Hello, I’ve been a long time Linux user but I had a 5 years break and I am coming back to it now.
I’ve been trying several Linux distributions in the past week, installing the packages and configuring them as I need with several different orders of success.
My last case was an Ubuntu installation that I was very happy with and pretty close to call it setup and done, until I installed virtualbox and restarted the system only to find it bricked.
Obviously I could try to drop into one of the terminals on ctrl + alt + Fx and fix it, but I wonder if I could be smarter about it and be more prepared for this kind of situation.
One of the starting points I think would be having a separate home partition from the rest of the system. I used to have it in the past and it was great.
But then what’s next? What are the best FS I could pick for each type of partition? A performant one to keep the code and package manager cache, a journaling/snapshop based one for system, another type for game data, etc etc.
What if I would like to have a snapshot of working version of my system backed up somewhere ready to restore as simple as simple as possible?
How do you configure your systems in order to quickly recover from an unexpected bricking without growing some more white hairs, and squeezing as much performance vs feature for each of your use case?
Well having a dedicated /home
partition is the very minimum and pretty much default.
If you are interested in having a backup/restore solution for your system you are looking for BTRFS
which uses sub volumes instead of primary partitions and is compatible with snapshot tools, those tools being Timeshift and Snapper.
I do think Snapper is the superior solution however it’s also more complex to set up and requires significantly more prep work. Imo totally worth it.
I currently use it on my main machine Debian with BTRFS and Snapper and couldn’t be happier.
I installed (well, compiled) Btrfs Assistant, it integrates with snapper and btrfs maintenance, I had to create cron jobs for monthly/daily by hand, but the GUI is pretty nice.
This came pre installed and setup on my Garuda Linux install and it’s great. By default it takes a snapshot before and after every update or installation through the package manager so if something goes wonky I can just select the previous snapshot in grub and be back up and running in seconds.
Also just recently installed bazzite on a laptop and it appears to automatically do something similar, but I haven’t spent as much time with it to know the ins and outs yet.
That’s not the question that needs to be answered, first you must allocate enough space for you system
partition, and whatever other system related partitions that you want to use, var
, temp
, swap
, you get the gist, then whatever space you have left is your home
partition. This scenario being a default personal use desktop ofc.
If this is going to be a BTRFS system then it also doesn’t matter since sub volumes share the total space available dynamically.
Also if this is a modern hardware consider not having a swap partition and instead use ZRAM.

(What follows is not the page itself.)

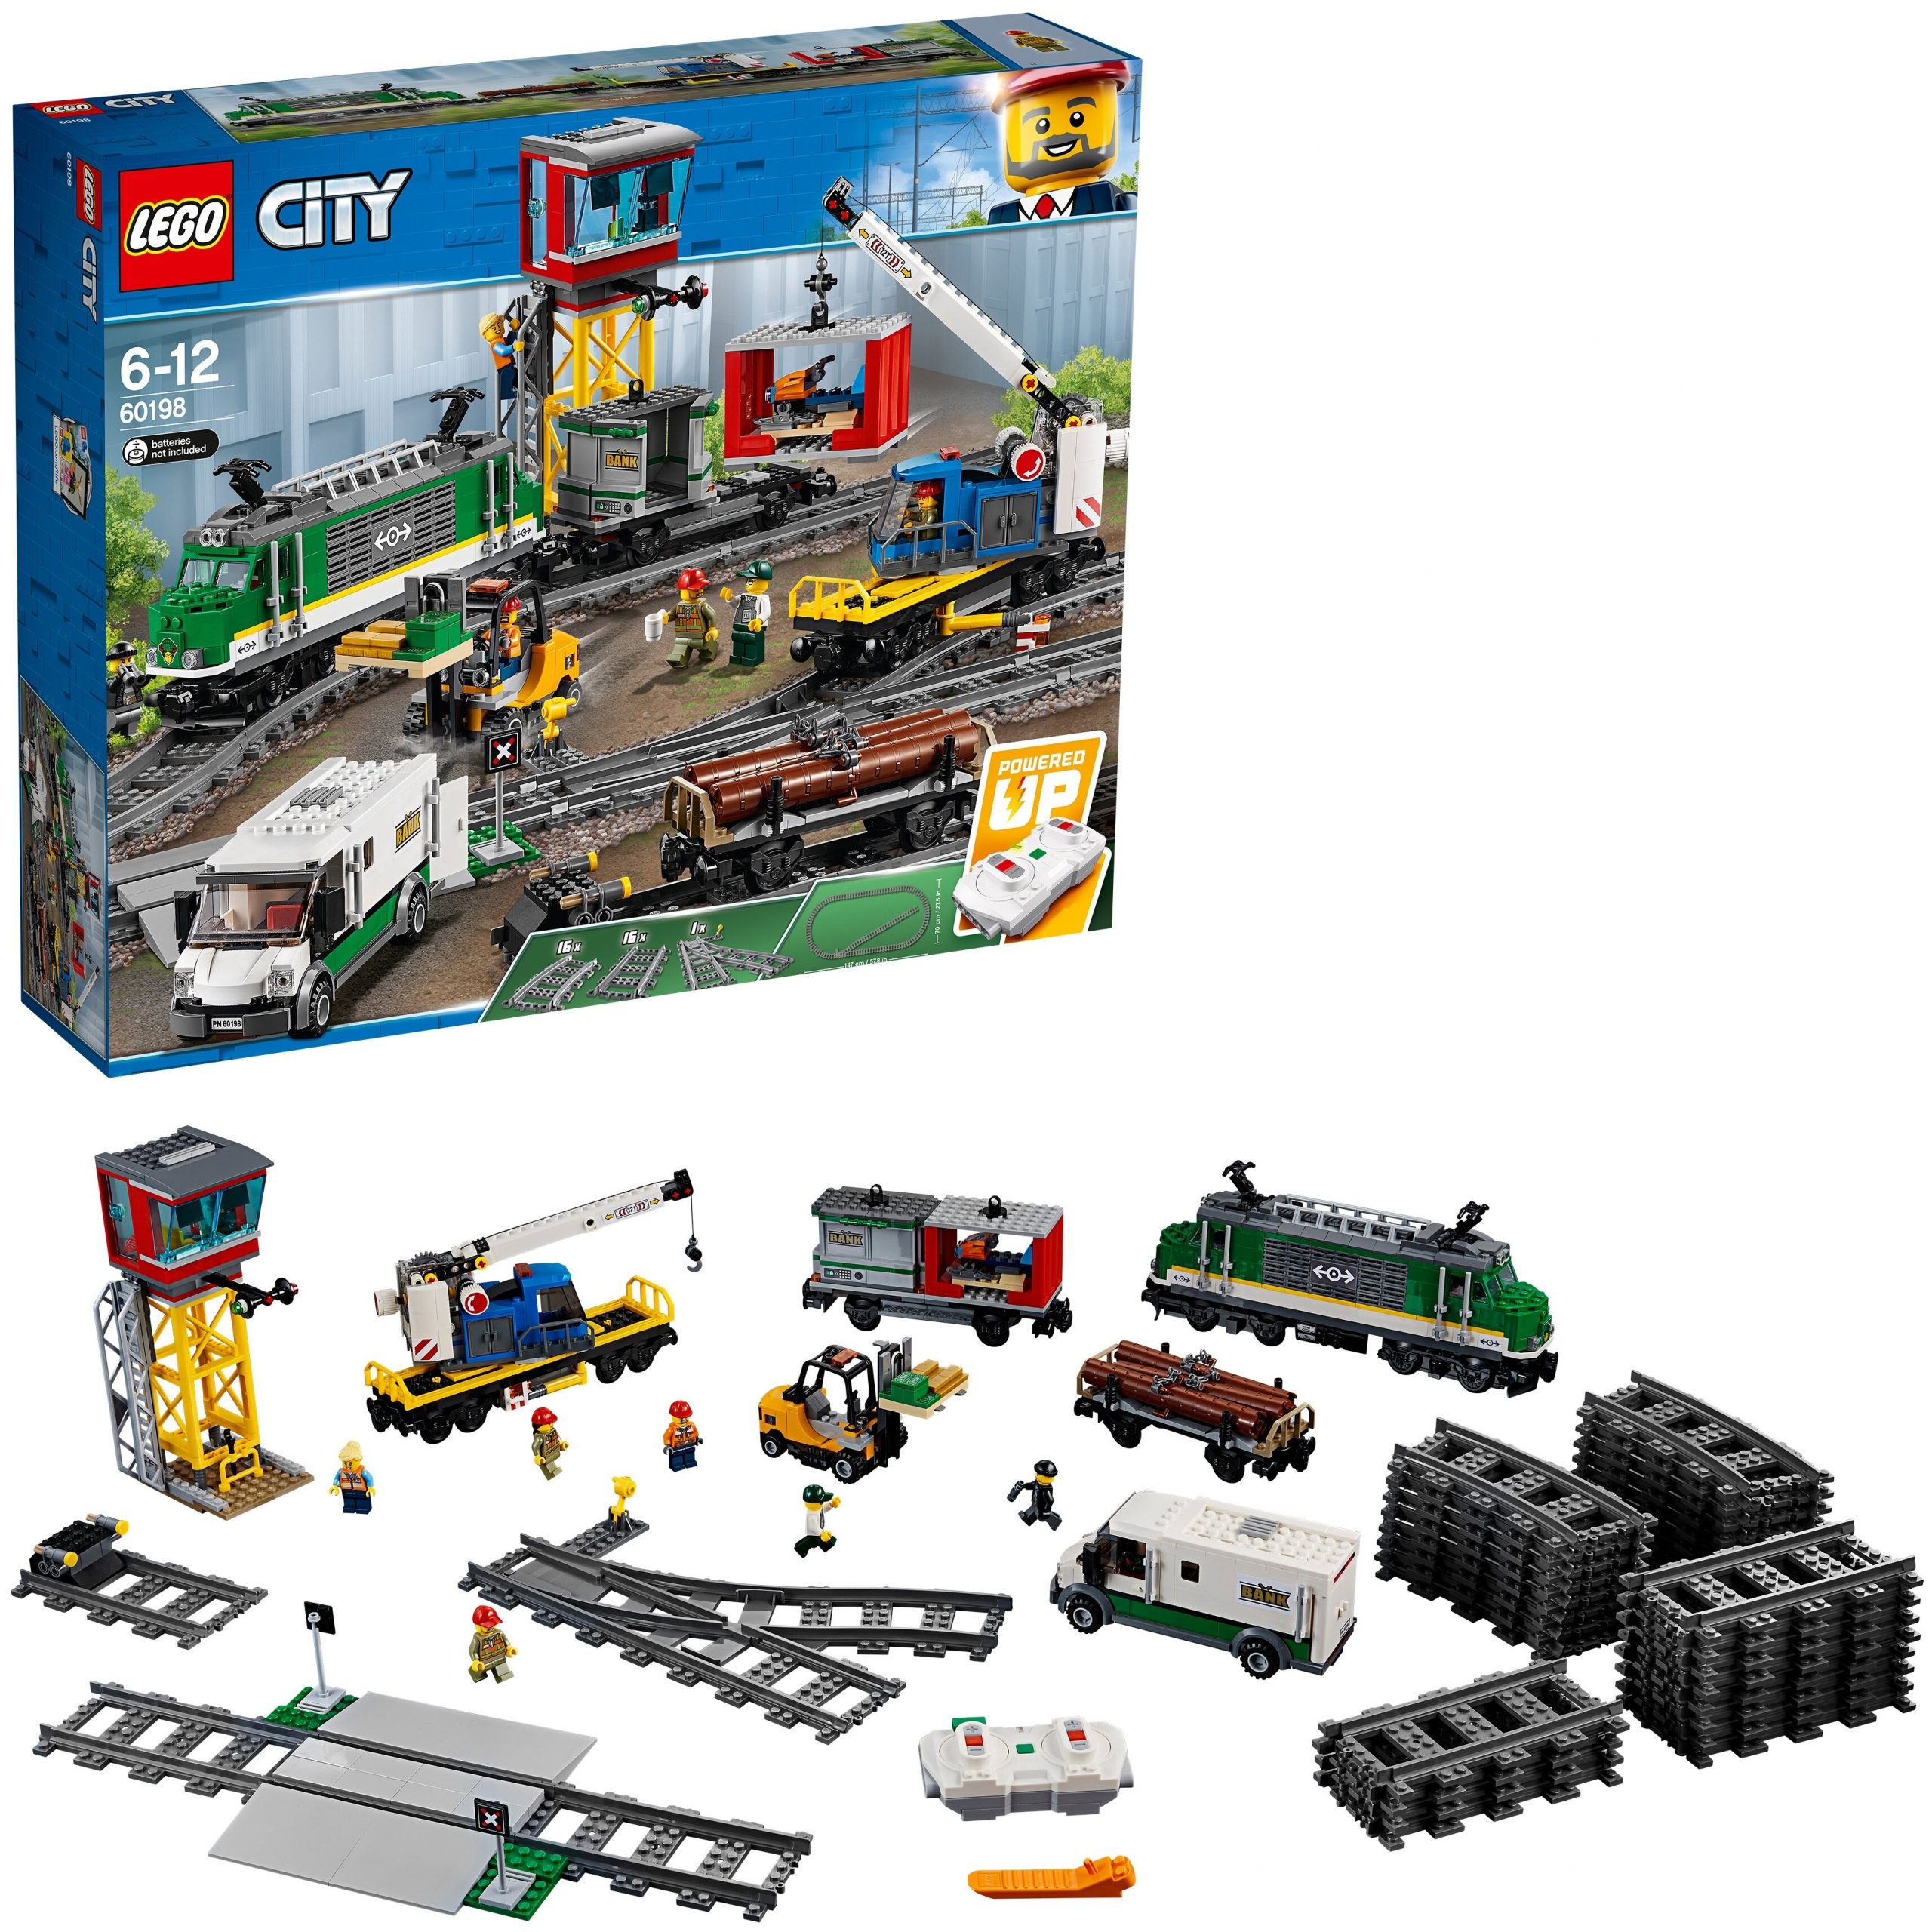 LEGO City Trains 60198 Товарный поезд

On servers I like to have /var on its own partition. Partially as a habit from the olden days of using FreeBSD in the 90’s, but also because that means that / will mostly be left with things that don’t really change. I’ve had to clean out clogged up / too many times. So in effect, my partion schema for a typical production server looks like this:
/ ext4
/local xfs
/global usually beegfs or nfs, but sometimes a local xfs.
/var ext4
/home ext4
Btrfs snapshots are great! All my filesystem is Btrfs, with subvolumes for root, home and var.
I’m using the Fedora immutable distros on many computers, it’s great to be able to boot into a previous version of the system if issues arise. Not that issues arise, since most packages are installed as Flatpaks, in a toolbox or in a container. Makes the systems nearly unbrickable.
Nothing, I just corupted my hard drive with all my college work for tomorrow and im trying to save them, im feeling so stupid rn, im nothing but a failure at this point
I hope that this link can help save your data. You might need an external HD to recover the data to as well as a live USB you can install testdisk to.
https://www.howtogeek.com/700310/how-to-recover-deleted-files-on-linux-with-testdisk/
Here is a video and there are plenty more on YouTube.
https://www.youtube.com/watch?v=3jbWfGePrqo&t=0
Maybe you can get an extetion from your professorto buy yourself a bit more time to recover your data? Best of luck.